Vartamana: The Present Moment as True Living
Summary: Hindu philosophy uses the Sanskrit word "vartamana" for both living and the present moment, revealing their inseparable connection. While we physically exist only now, mentally we time-travel through memories and future projections, creating suffering through attachment to non-existent past and future. True living requires mindful presence, though knowledge, relationships, and habits constantly pull awareness away from the immediate moment. By becoming a conscious observer of mental movements rather than losing ourselves in them, we transform even memory and anticipation into present-moment experiences, recognizing that existence unfolds only in the eternal now.
True living is living in the present. This is affirmed in Hinduism by the use of the same Sanskrit word, "vartamana," to signify both living and the present moment. In Sanskrit, vartamana means living. Vartamana also means the present, in contrast to the past (bhuta) and future (bhavisyat). Living is synonymous with the present because you always live in the present. The present alone is real because it alone can be lived and experienced consciously.
Presence signifies living, and you live only when you are present in your body and your mind, not in relation to others but in relation to yourself. If you have not understood this clearly, let me restate this. You do not live in the past or in your future. Why? Because you have lived your past already, and your future is yet to be lived. Therefore, living is always in the context of the present moment and should rightly be so because only the present moment is real.
Unfortunately, while we may physically live in the present, mentally we do not always do so. This is a state of delusion. Mentally, we are habitual time travelers. We frequently travel back and forth in time on the backs of our frivolous memories, feelings, and emotions. We are constantly driven by various thoughts associated with our past or our future. We are driven by memories, desires, and habits. In the process, we suffer from various emotions and feelings. Practically, it is also not possible to remain always in the present because even if you want to, your knowledge, relationships, and circumstances do not allow you to remain in the present. Our knowledge is essentially an accumulation of memories, perceptions, learned intelligence, and imagination arising from them.

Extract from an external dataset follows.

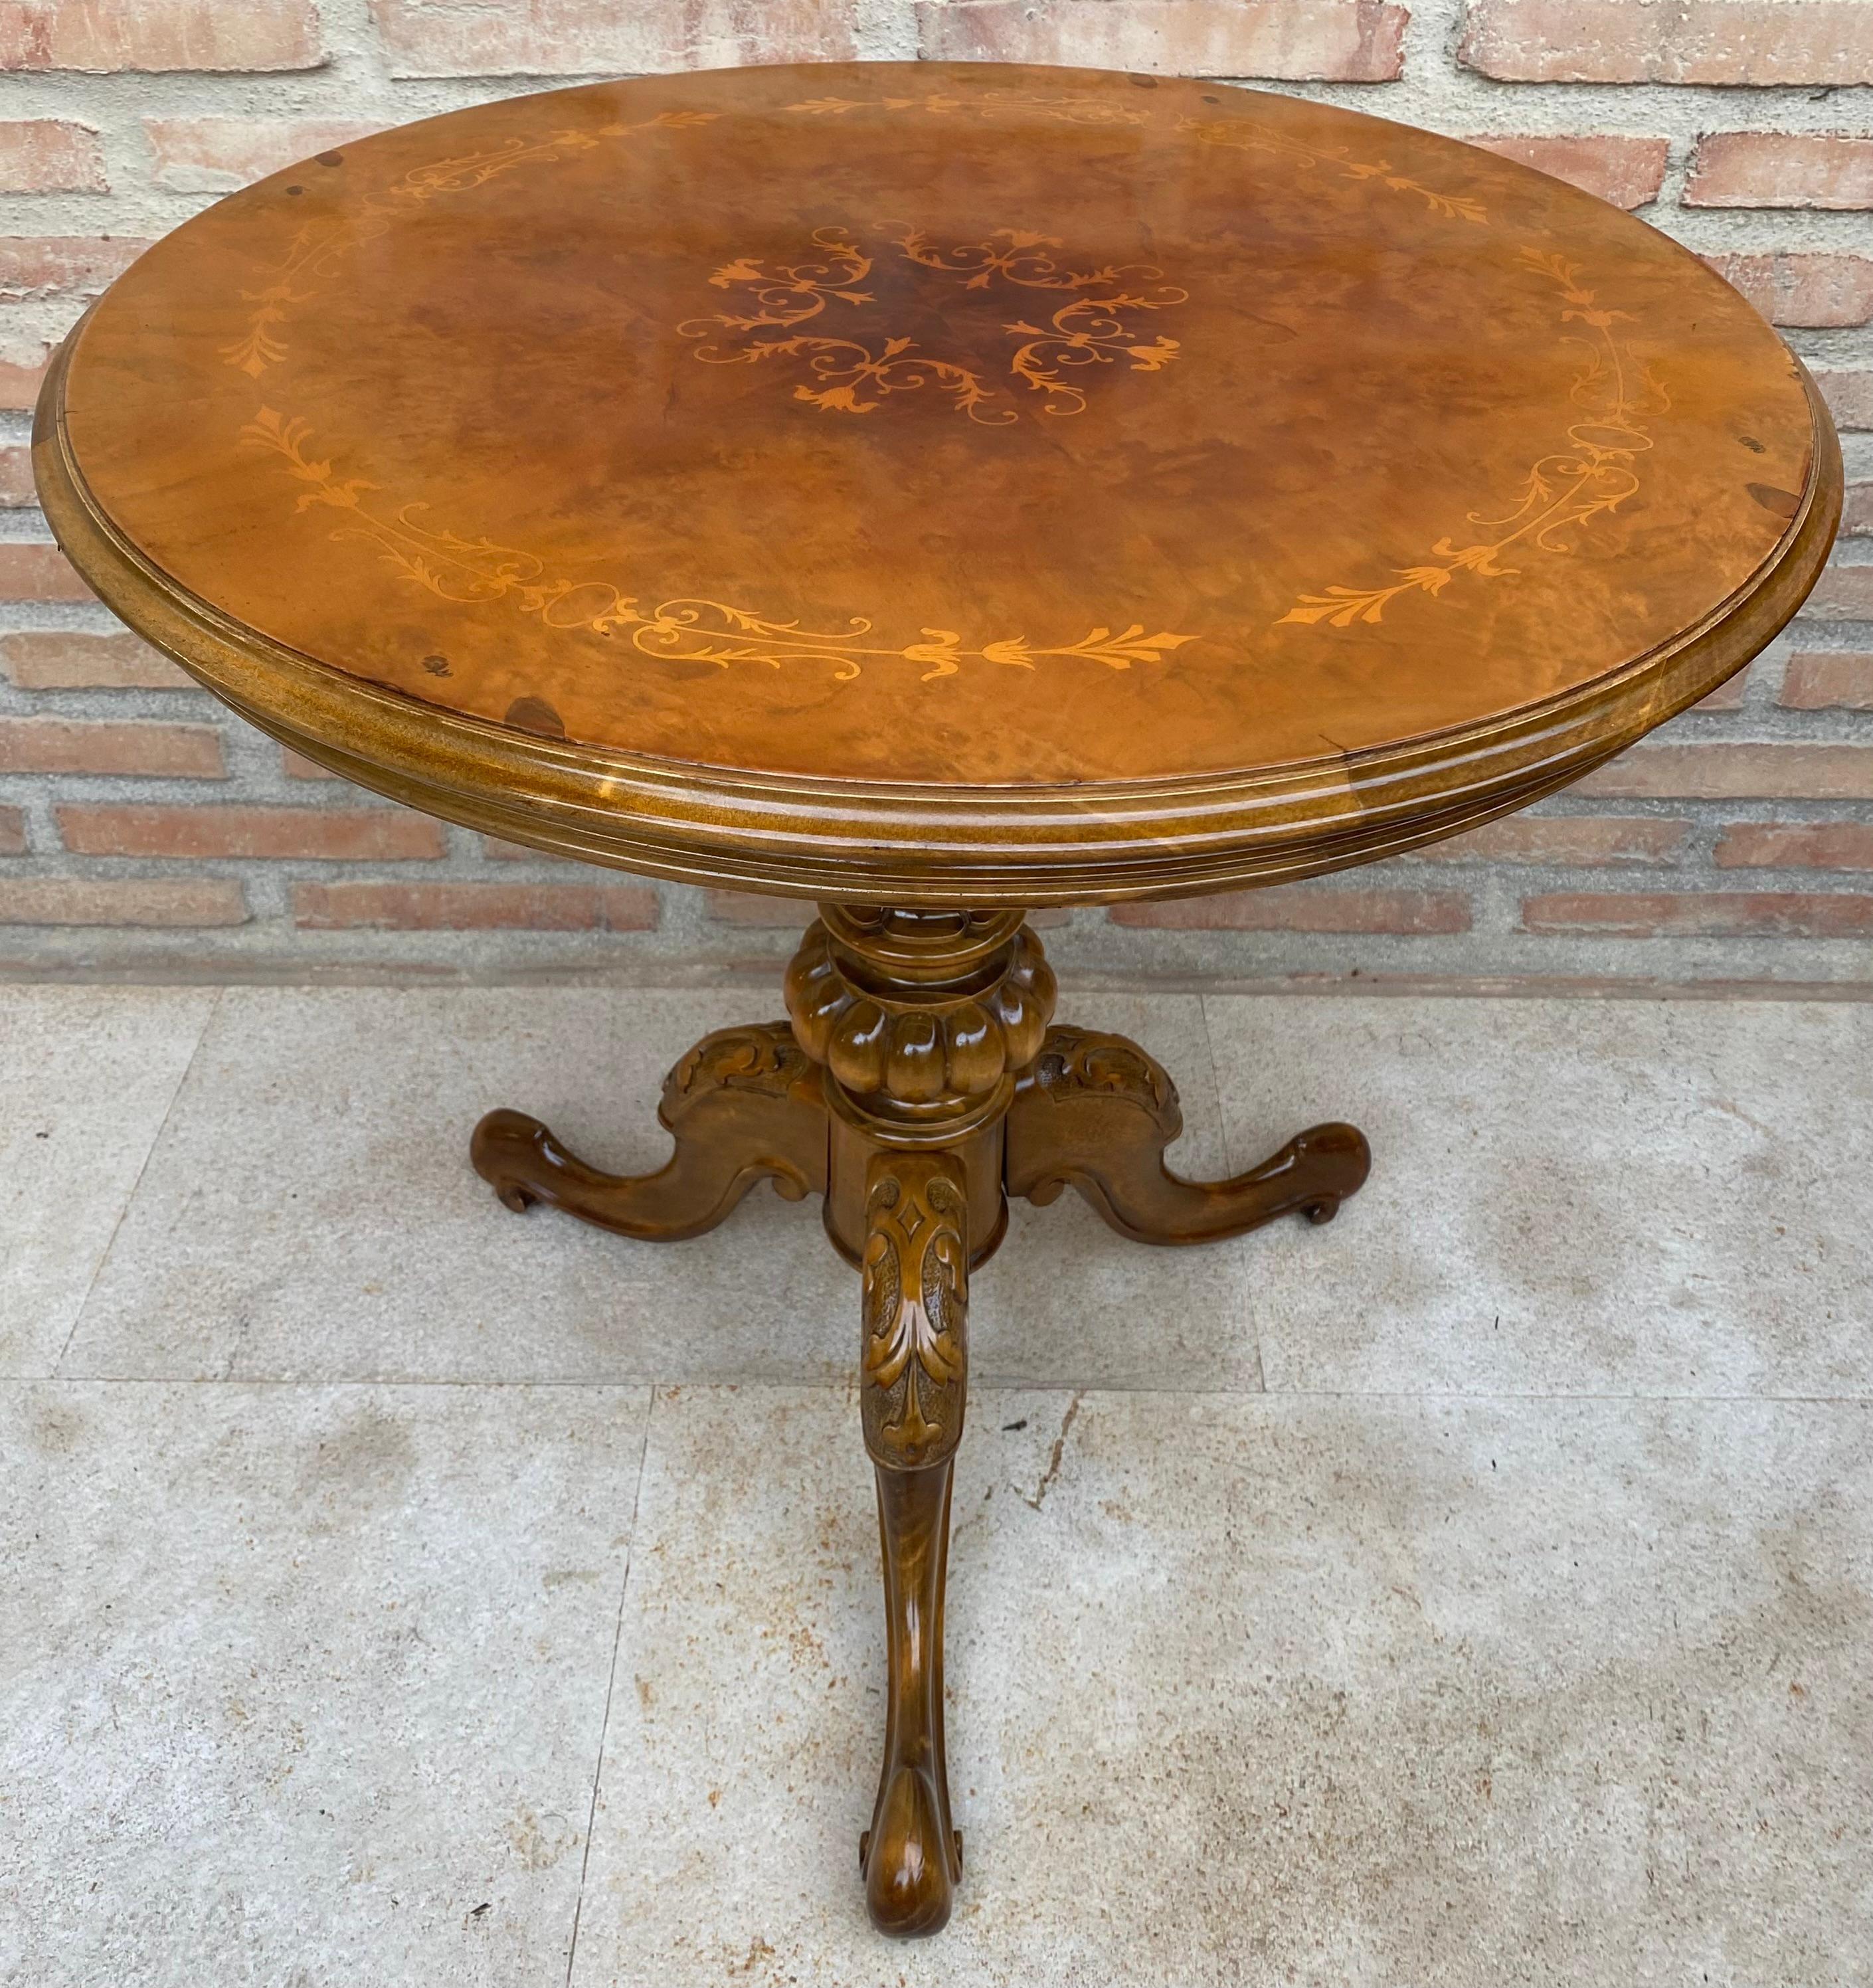 The English tea table is an original piece of furniture made at the end of the 19th century. This round shaped tea table has a marquetry top supported by a carved pedestal with three feet.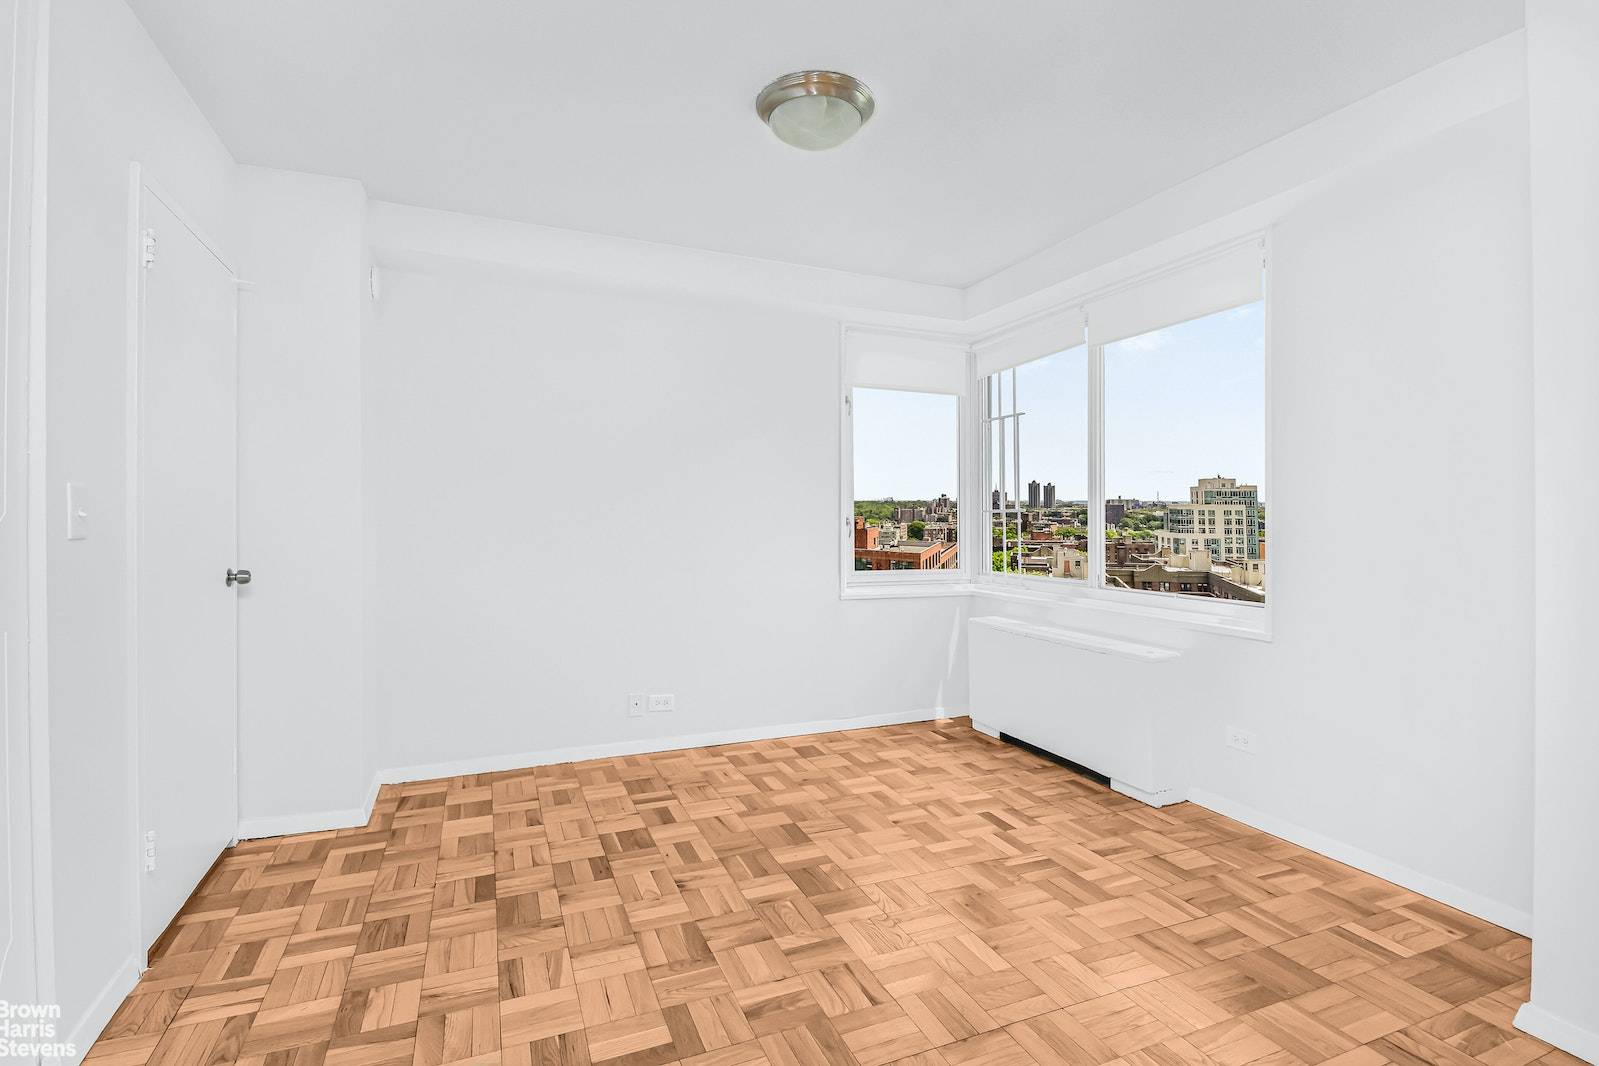 No Board Approval for this newly renovated Jr4 with a terrace at the sought after Whitehall.

Most of your actions are repetitions or reenactments of your past actions. In seeing things, you superimpose upon our current perceptions what you have seen before. A larger part of your life, you live mechanically and routinely, because rightly so, it would be an enormous waste of time if you want to live your life anew each moment as if you never existed before and as if you never learned from your experiences before. Therefore, even in present moment awareness, the past plays a significant role. In many ways, we are prisoners of our past.
However, if you can manage to focus on living, on your actions, and on your perceptions, feelings, and emotions through mindful and insightful observation, you can resolve this problem to a great extent. If you succeed in this effort, then even if your mind is drawn to the past or to the future, you become a mindful observer of that in your present moment, rather than becoming involved with the movements of your mind and lost in them.
Living is always a present moment activity. If you want to make the most out of your living, stay in the present to the extent possible and enjoy life as it happens. We are like the walking pens on the canvas of infinity, in which we unite the past with the future through the present moment. The past and the future are non-existent. The present alone is the existent. The three come together in the beingness of each individual. These divisions of time exist, but in our minds in wakeful consciousness. In the dream state, their boundaries blur, and in deep sleep, they disappear altogether.